# This is a Jupyter Notebook in markdown format.

# # Recurrent Neural Networks (RNNs): Long-Term Dependencies and the Vanishing Gradient Problem

This notebook provides a detailed explanation of the long-term dependency issue in simple Recurrent Neural Networks (RNNs), specifically focusing on the **vanishing gradient problem**. It also breaks down the underlying mathematical formulas that lead to this limitation, combining insights from the provided Udemy video transcription.

---

## 1. Introduction to Long-Term Dependency in RNNs

Recurrent Neural Networks (RNNs) are designed to process sequential data, where the output at a given step depends on previous computations. They achieve this by maintaining a "hidden state" that captures information from prior time steps.

However, simple RNNs face a significant challenge: they struggle to effectively capture **long-term dependencies**. This means that information from earlier parts of a long sequence tends to have a diminishing or negligible impact on predictions made much later in the sequence. This limitation makes simple RNNs unsuitable for use cases where understanding distant context is crucial (e.g., predicting the next word in a sentence based on context set many words earlier).

To clarify this abstract concept, let's dive into a concrete example and the underlying mathematics.

---

## 2. Setting up the RNN Example

Consider a simple RNN processing a sequence of words in a sentence. Let's assume a sentence has $T$ words, $X_1, X_2, \dots, X_T$.

**Unfolding the RNN over Time:**

The RNN processes each word sequentially, unfolding its structure over time steps:

* **At time $t=1$:** Input is $X_1$.
* **At time $t=2$:** Input is $X_2$.
* ...
* **At time $t=T$:** Input is $X_T$, producing the final output $y\_hat_T$.

At each time step $t$, the RNN calculates a hidden state $O_t$ (or $h_t$) based on the current input $X_t$ and the previous hidden state $O_{t-1}$. This hidden state is then used to compute an output $y\_hat_t$.

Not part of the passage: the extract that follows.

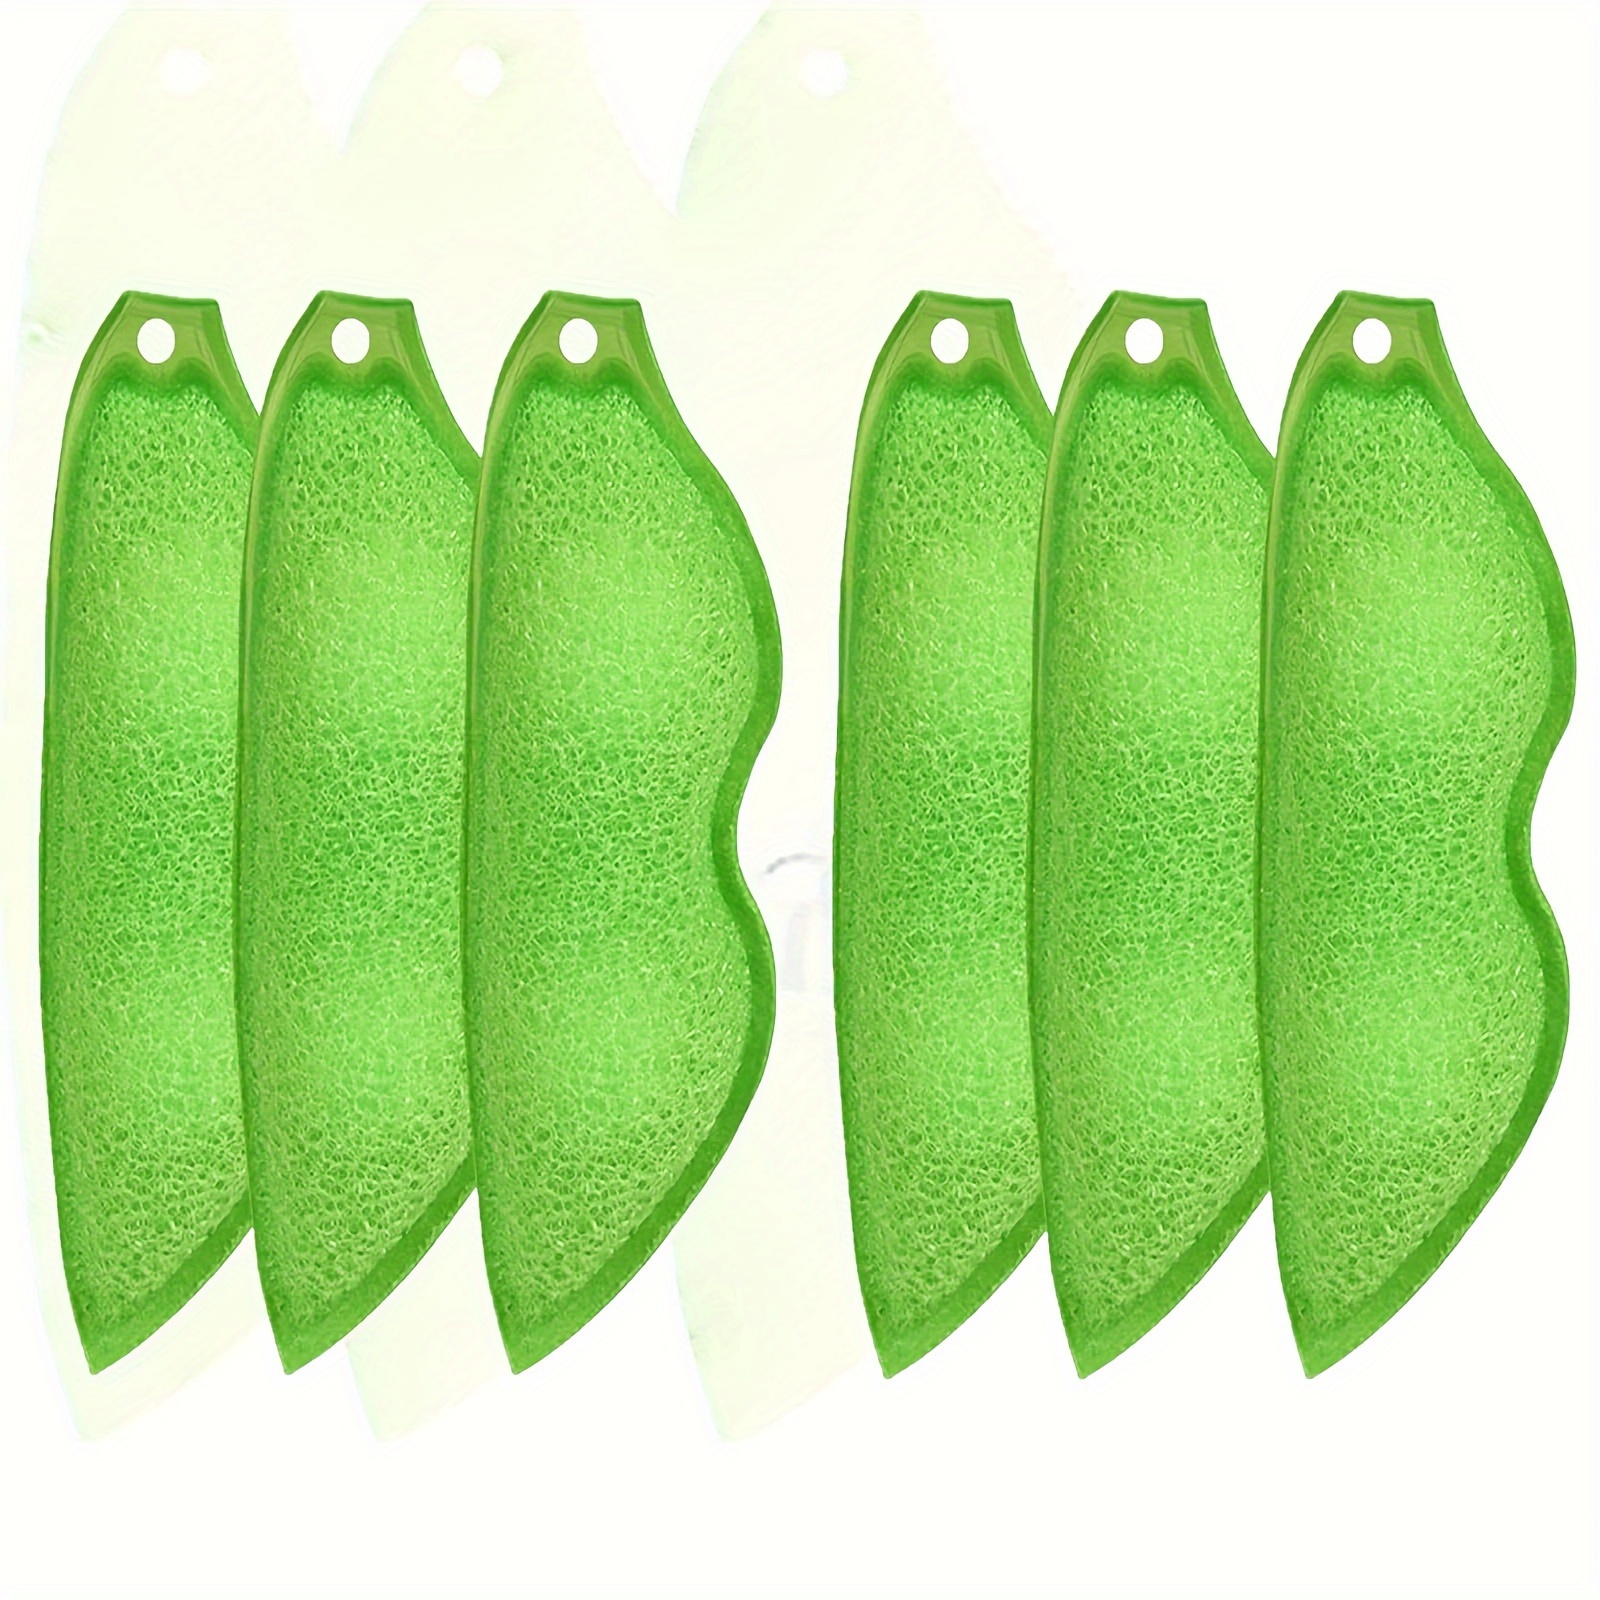 6pcs Green Beans Shaped Bottle Cleaning Sponge,Magic Beans Cleaner

The calculation of the hidden state $O_t$ often involves an activation function (e.g., Sigmoid or Tanh):

$O_t = \text{Activation}(X_t \cdot W_I + O_{t-1} \cdot W_H + B_H)$

Where:
* $X_t$: Input vector at time $t$.
* $W_I$: Input weight matrix, transforming the input into the hidden state space.
* $O_{t-1}$: Hidden state vector from the previous time step.
* $W_H$: Recurrent weight matrix, transforming the previous hidden state into the current hidden state. This is the weight matrix that `recurs` across time steps.
* $B_H$: Bias vector for the hidden layer.
* $\text{Activation}(\cdot)$: An element-wise non-linear activation function (e.g., Sigmoid, Tanh).

The output $y\_hat_t$ is typically calculated from the hidden state $O_t$ through an output layer:

$y\_hat_t = \text{Activation}(O_t \cdot W_O + B_O)$

Where:
* $W_O$: Output weight matrix.
* $B_O$: Bias vector for the output layer.

---

## 3. Weight Updates and Backpropagation Through Time (BPTT)

Training an RNN, like any neural network, involves updating its weights ($W_I, W_H, W_O$) to minimize a loss function (e.g., cross-entropy for classification, mean squared error for regression). This is typically done using an optimization algorithm like Gradient Descent, which relies on calculating the gradients of the loss function with respect to each weight.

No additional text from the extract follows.